Forum Discussion
500 Mbps is plenty...if not too much...for most households. You're alluding to a gigabit plan but think about this: one billion bits per second. 1 BILLION...per second. Do you know what you'd need to be doing on the Internet to use this much bandwidth?
For example, I don't exactly know what Google Stadia does (UHD gaming?) but I've read its Pro version requires at least 35 Mbps. This is the highest requirement I've seen...casually seen...because I'm sure there are more demanding applications out there.
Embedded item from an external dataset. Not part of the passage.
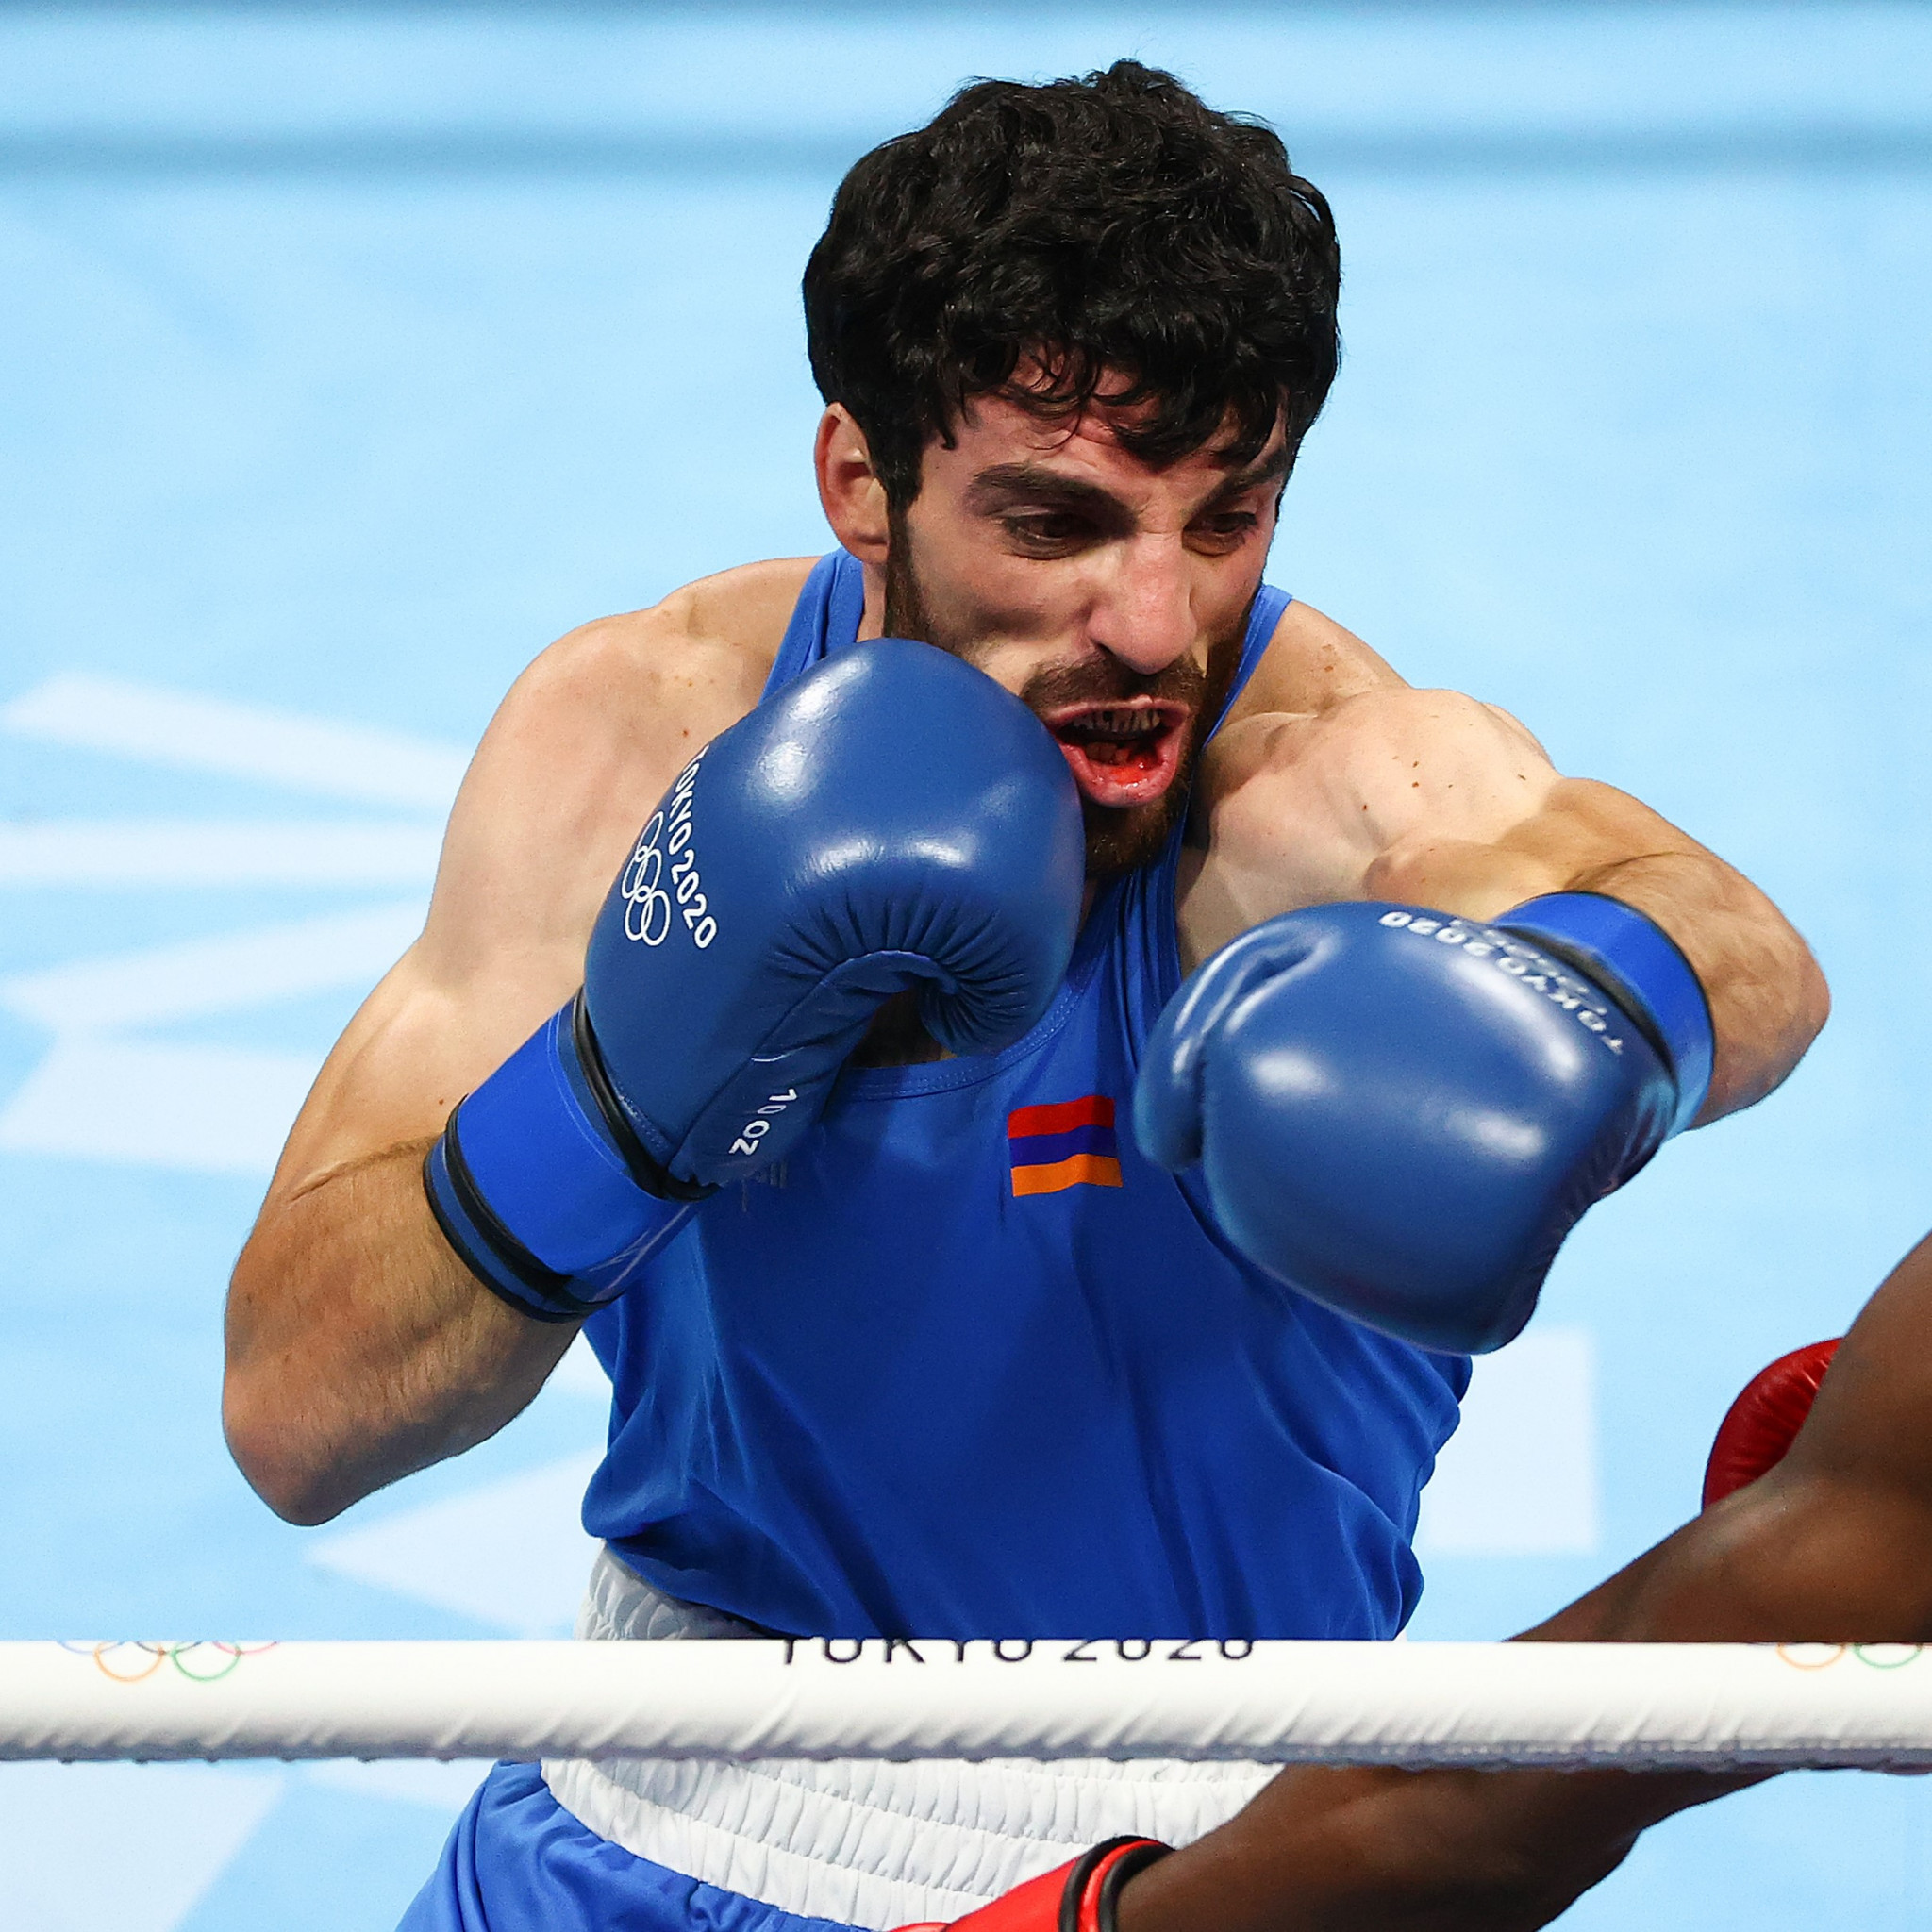 Home lightweight Hovhannes Bachkov, a Tokyo 2020 bronze medallist, will meet England's Joe Tyers for a quarter-final place at the EUBC Championships being held in Yerevan, Armenia ©Getty Images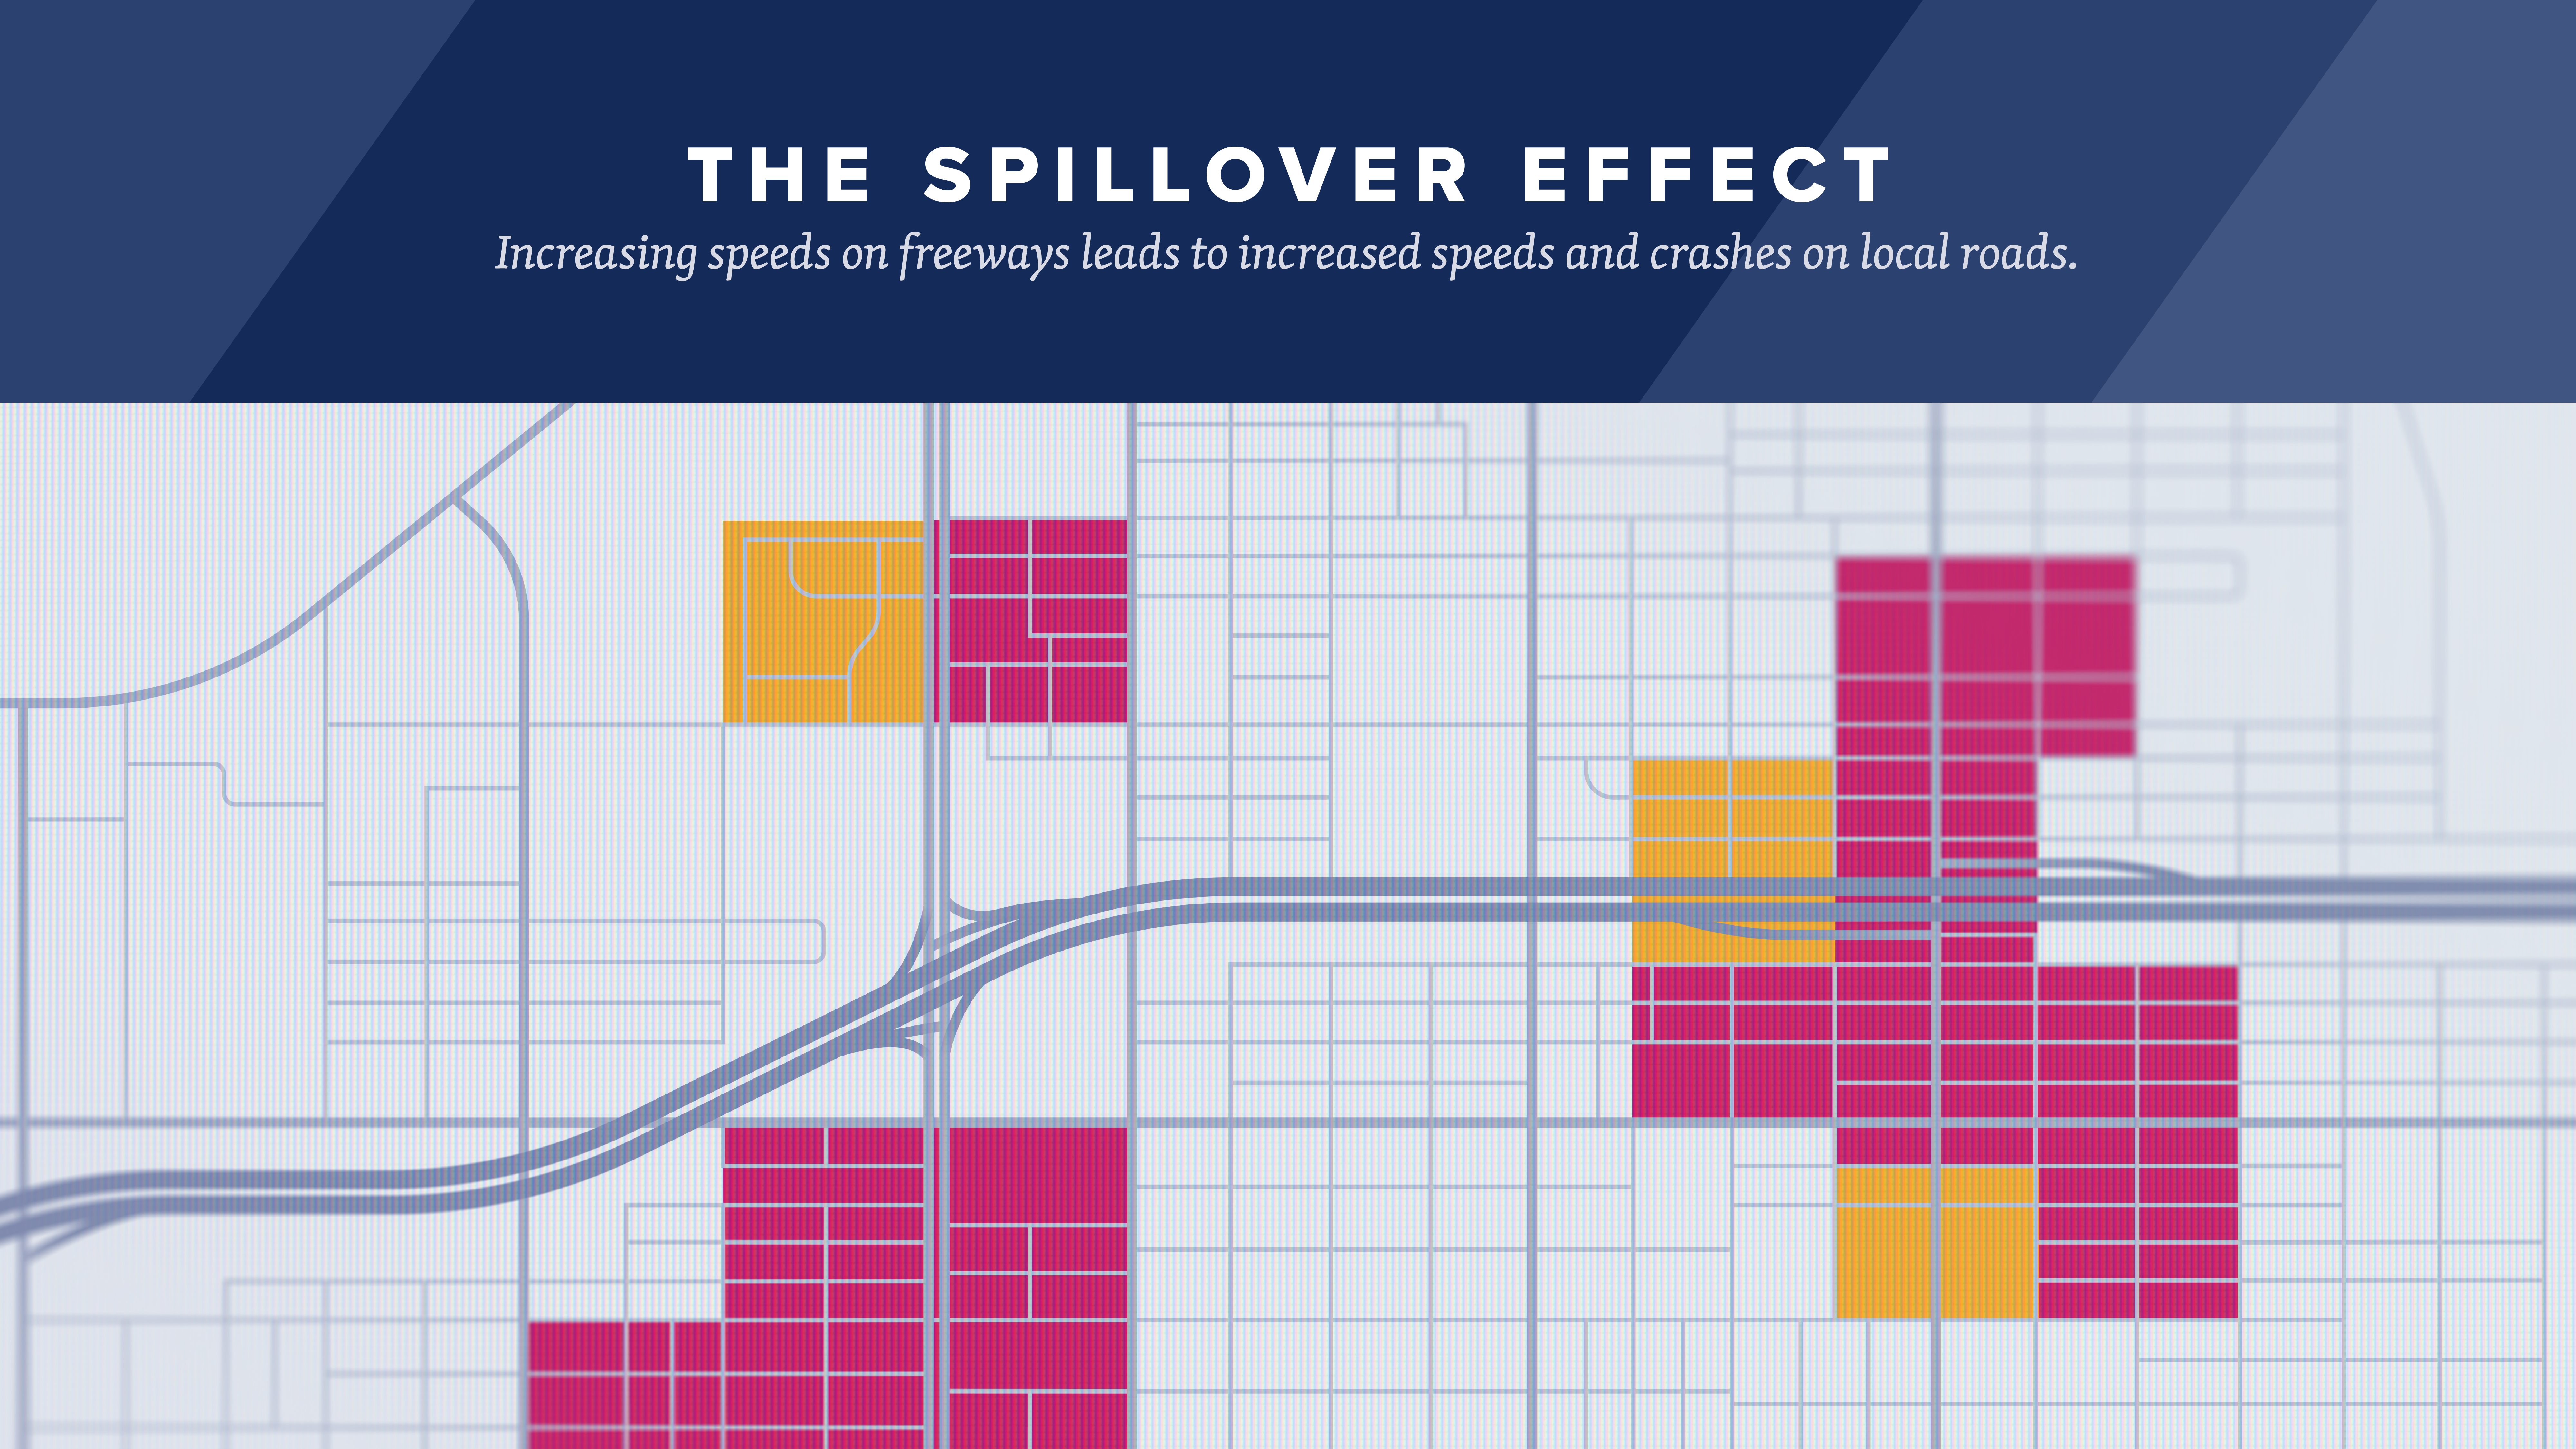 Spillover-Speed-Infographic-2.png detail image

You could have 10 people simultaneously using this thing in your house and still not put a dent in a gigabit plan:
* 35 Mbps × 10 = 350 Mbps
* 350 Mbps = 35% of a gigabit plan
Due to TCP/IP, retransmissions, network overhead, etc; you could safely double this 35 Mbps requirement to 70 Mbps and still be under 75% of a gigabit plan...for 10 simultaneous streams.
The only problem with a more practical plan is Cox. I've read subscribers rarely get 1 Gbps, site-throttling, over-subscribed neighborhood-nodes and, probably most importantly, upload speed.
Most subscribers probably don't need the 1 Gbps download speed but do need the 35 Mbps upload speed. Cox knows this.
There is absolutely no reason why Cox can't have a greater upload speed on their 500 Mbps plan.
Anyway, OP's data plan wouldn't be the problem.